SUPPLIED INFORMATION.
[Start of section]

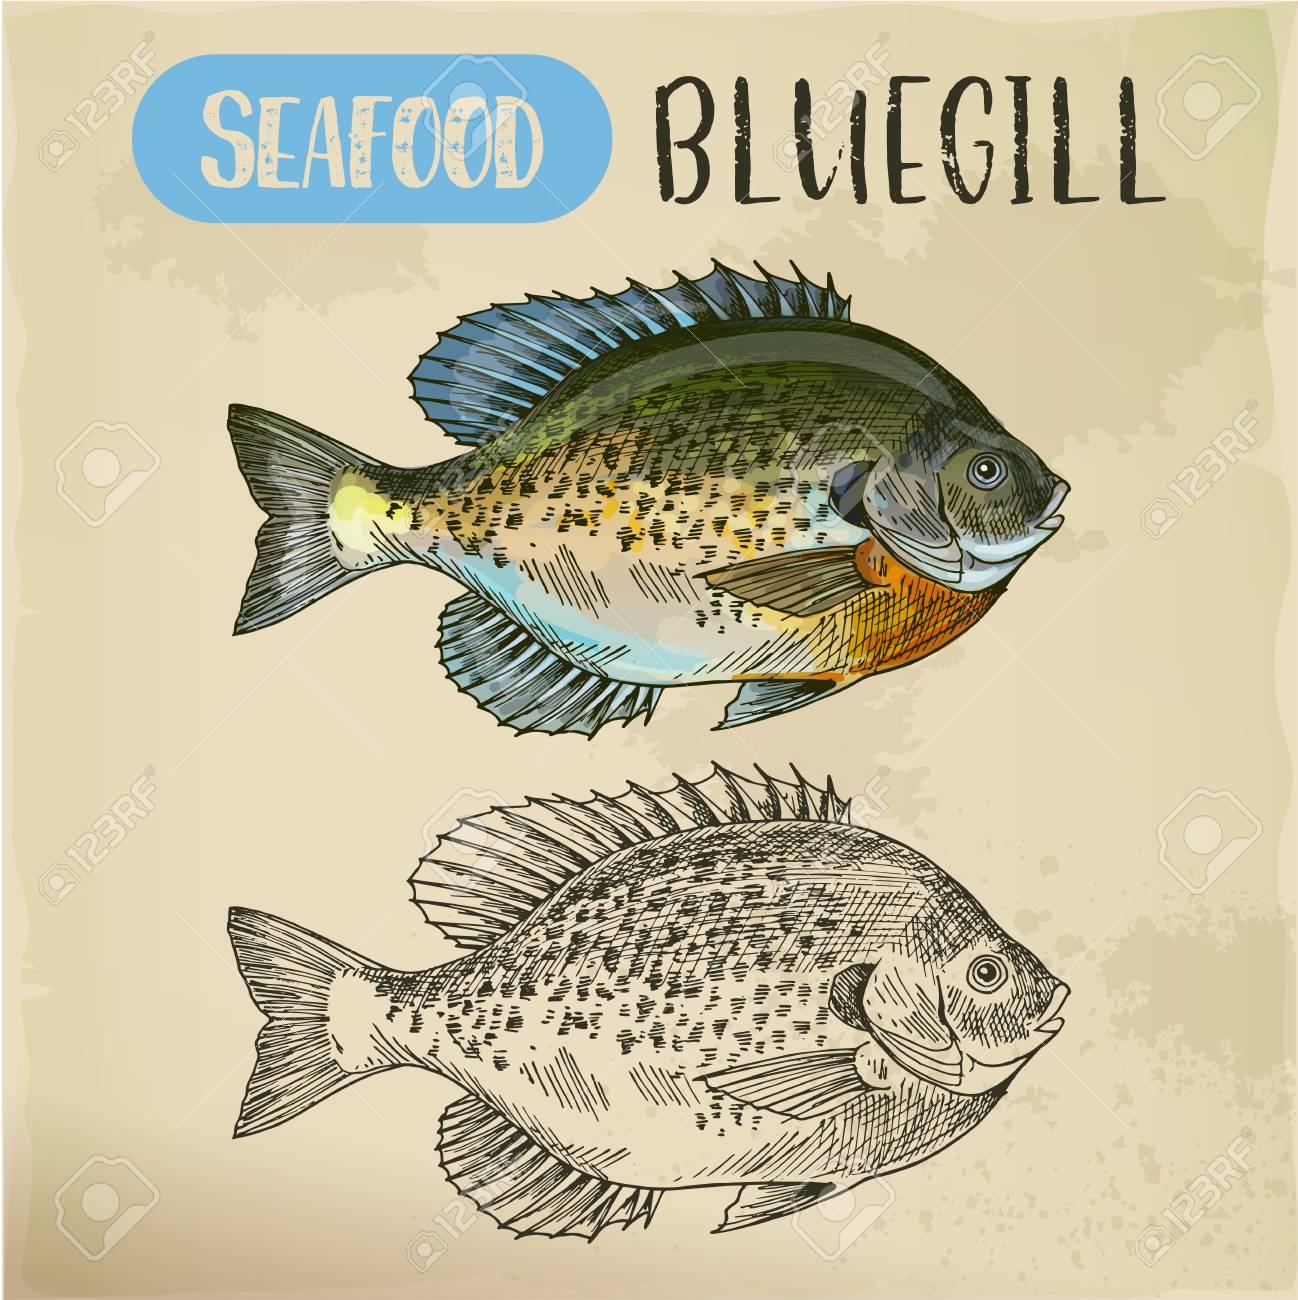 Bluegill sketch or hand drawn seafood - 102582666
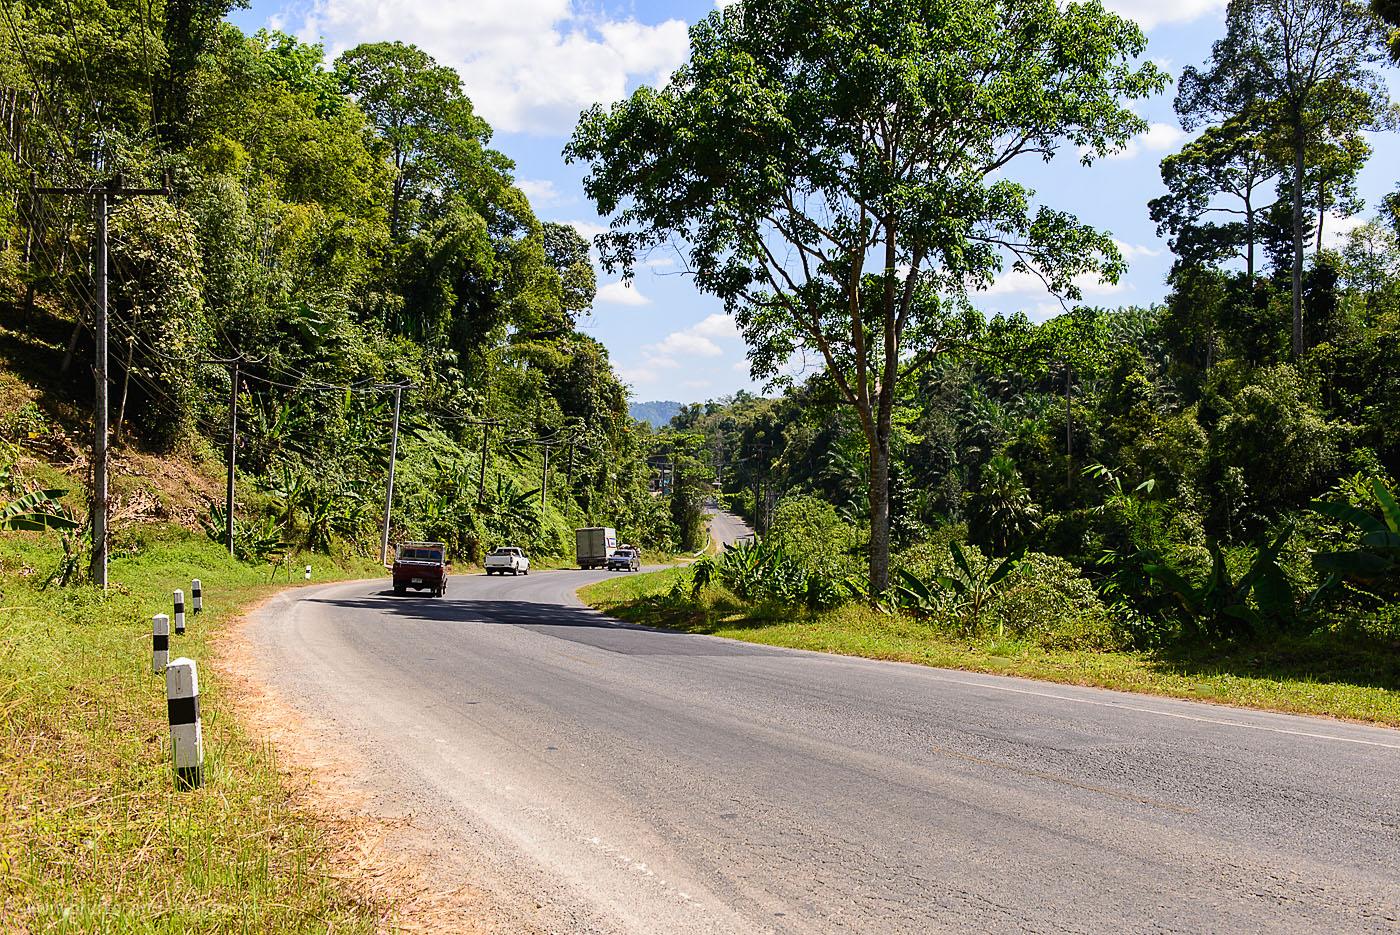 Фотография 2. Необычное путешествие по Таиланду. Отзывы туристов. По пути в Ранонг (200, 35, 9.0, 1/160)
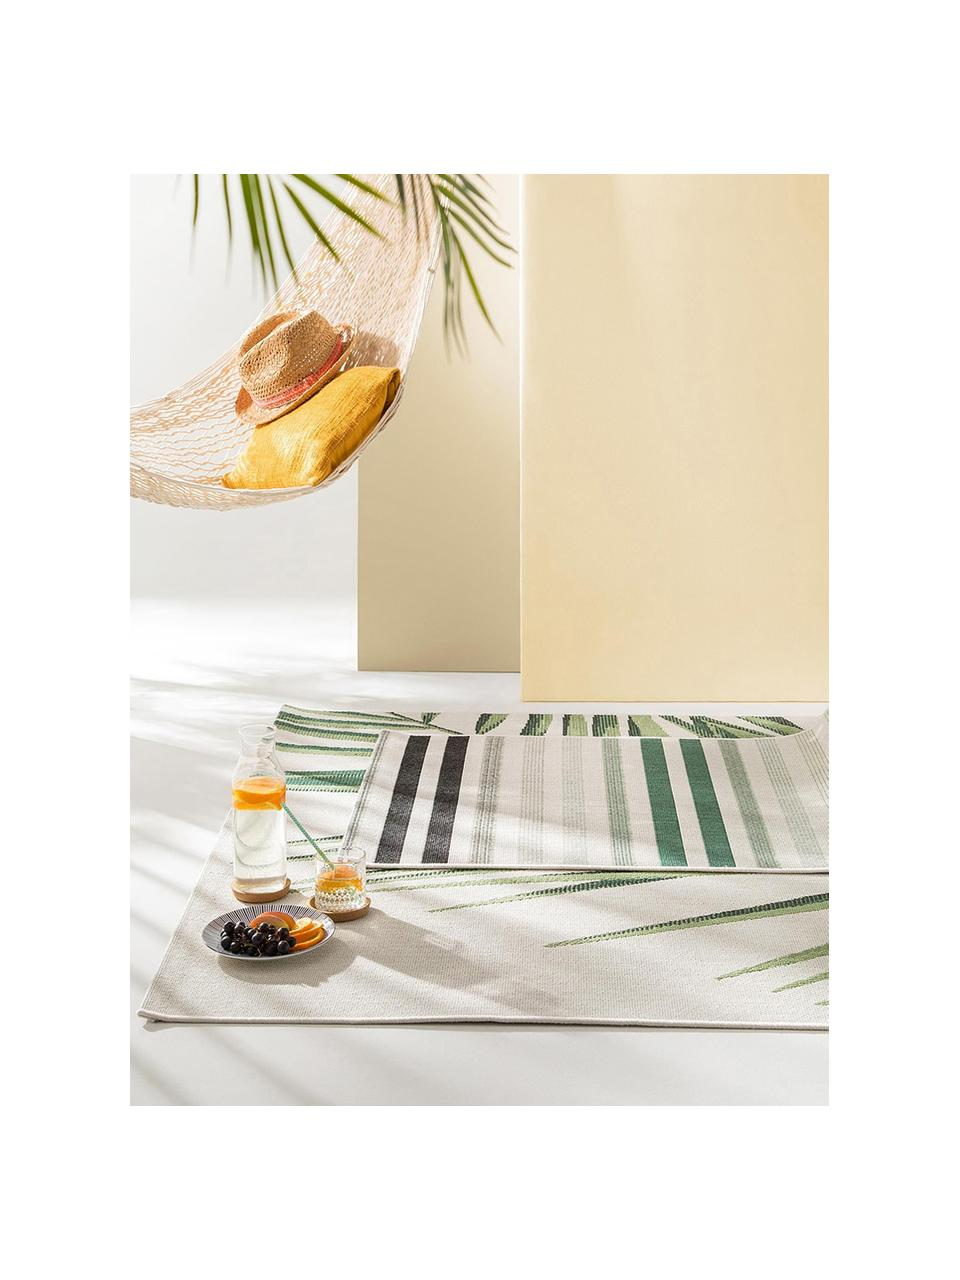 In- & Outdoor-Teppich Capri Palm mit Palmenblattmotiv, 100% Polypropylen, Grün, Beige, B 80 x L 150 cm (Größe XS)

[End of section]

ACTION ITEM. You are asked to reproduce each line above exactly, but to exclude the pictures.

TASK RESPONSE.
 Bluegill sketch or hand drawn seafood - 102582666
 Фотография 2. Необычное путешествие по Таиланду. Отзывы туристов. По пути в Ранонг (200, 35, 9.0, 1/160)
 In- & Outdoor-Teppich Capri Palm mit Palmenblattmotiv, 100% Polypropylen, Grün, Beige, B 80 x L 150 cm (Größe XS)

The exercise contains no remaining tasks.